When a rich couple splits, divorce attorney Lowell Sucherman gets blunt.
"Look, I've been doing this for 50 years," he says early in the negotiations. "I know how this case is going to come out within a few dollars."
Find a fair way to settle quickly, he says, and you can save enough in legal fees to send your kid to college. Or, you can fight tooth and nail, he adds, "and I'll send my grandchildren to college."
His warnings only work some of the time.
This year though, some estranged spouses have a more powerful incentive than ever to call a truce: President Donald Trump's 2017 tax overhaul eliminates the deduction for alimony payments — for divorces finalized starting in 2019.

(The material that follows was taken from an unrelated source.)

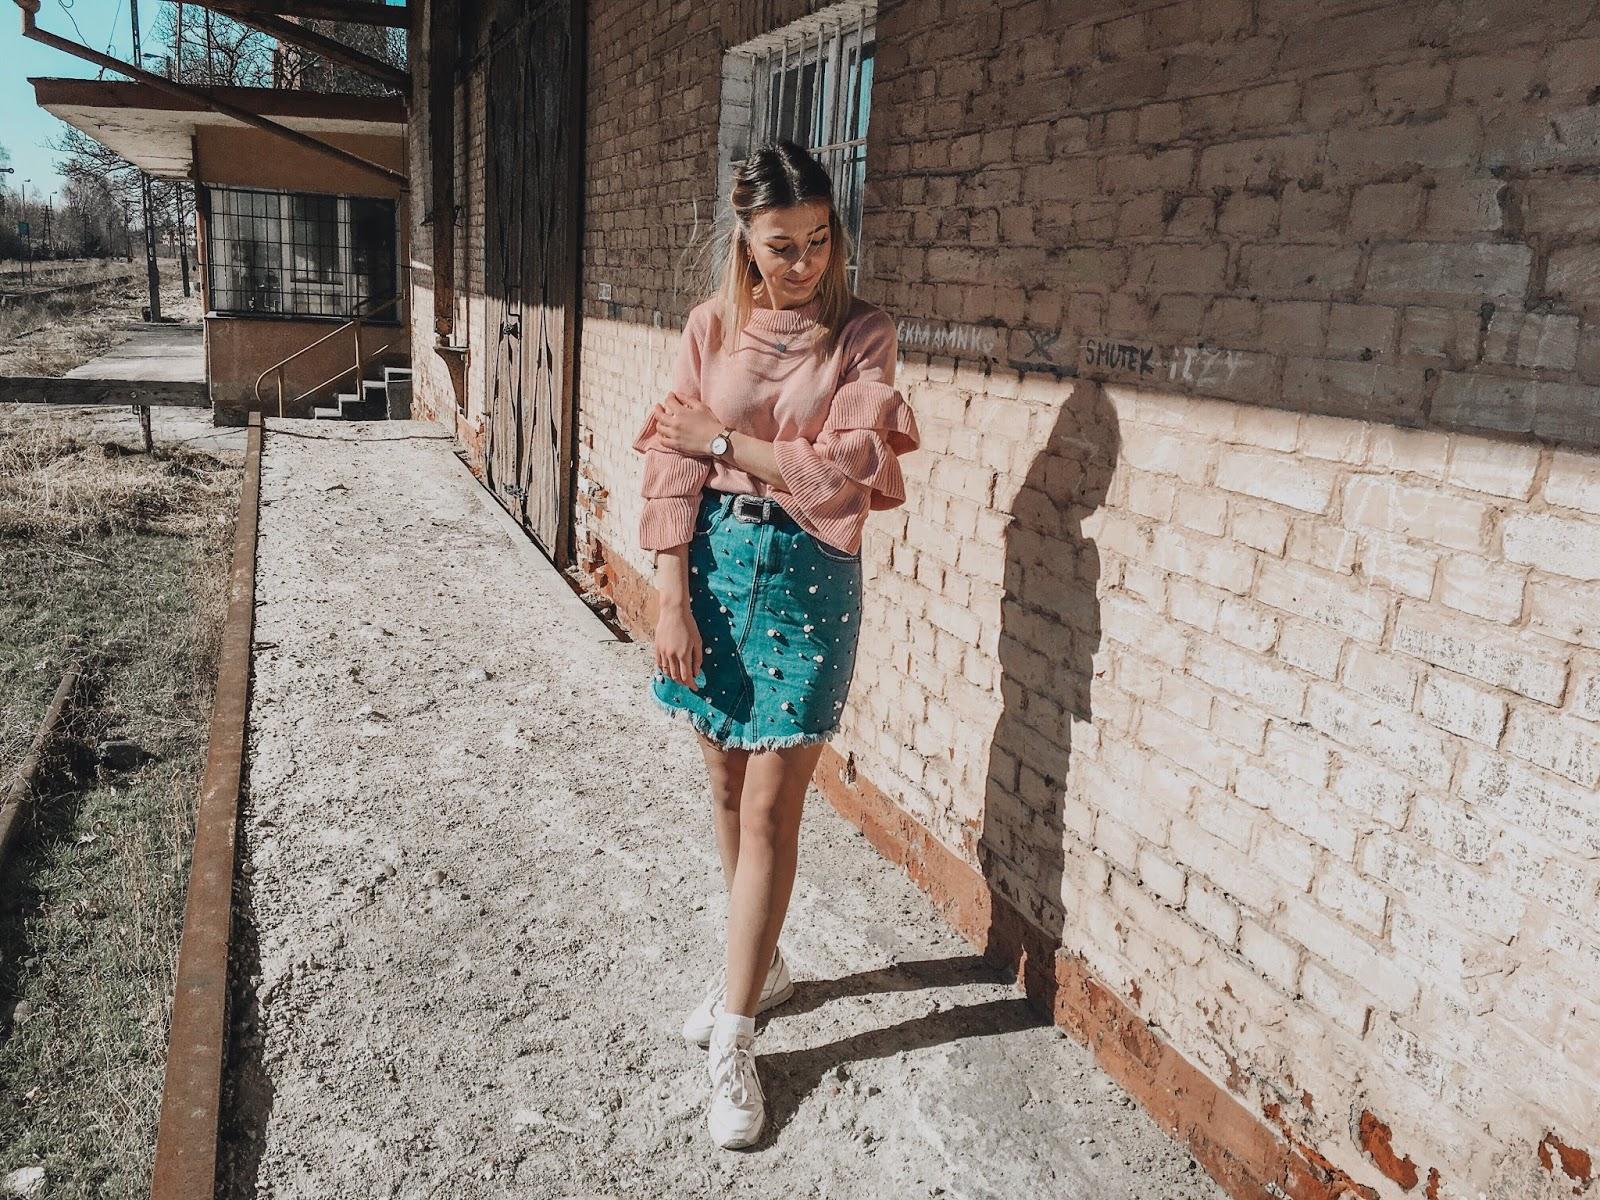 SPÓDNICA ZDOBIONA PEREŁKAMI | paulyenn style

For many wealthy couples, reaching a deal by Dec. 31 could mean tens of thousands of dollars in tax savings every year. That's pushing more of them to finally follow Sucherman's advice and cooperate as the deadline nears.
Divorce often means war for the top 1 percent. The richer you are, the more homes, possessions, investments and businesses there are to fight over.
In a single-income family, the non-earning spouse can be worried about being cheated by the earning spouse. The result is often expensive negotiations that stretch on for years, as each party tries to inflict maximum damage on the other.
Read more about how your prenup might be in jeopardy after tax law:
Alimony, also known as spousal support or maintenance, is typically paid by the higher-earning spouse for a period of time after a divorce. For decades, the payers of alimony have been able to deduct the payments on their tax returns.
Receivers of alimony, meanwhile, were required to report the money as taxable income. The tax overhaul reverses that arrangement, denying the tax deduction to alimony payers while making alimony tax-free to those who receive it.
Because the payers of alimony are almost always in a higher tax bracket than their exes, the new rules will mean less after-tax money to go around.
"We're trying to get everybody divorced in 2018 who can be divorced in 2018," said Linda Ravdin, an attorney at Pasternak & Fidis in Bethesda, Maryland. After finishing a trial in a complex divorce case recently, Ravdin said she urged the judge to render his decision this year.
Michael Stutman, a partner at Stutman, Stutman & Lichtenstein in Manhattan said he's seeing more feuding couples open to negotiation as the alimony deduction deadline looms. "When you've got people pretty close to an agreement, the specter of losing that benefit is pushing people together," he said.
Stutman is currently handling a divorce for a real estate mogul, and it's taking a long time for two skilled forensic accountants to untangle the family's holdings. The couple is "beside themselves" with how long it's taking, he said.
'Grease the Skids'
The old system of allowing for alimony deductions sometimes served as a way to "grease the skids" for a deal and make the payments less painful, said Peter Walzer of Walzer Melcher, a law firm in Los Angeles. Now the threat of losing the deduction is accelerating the process.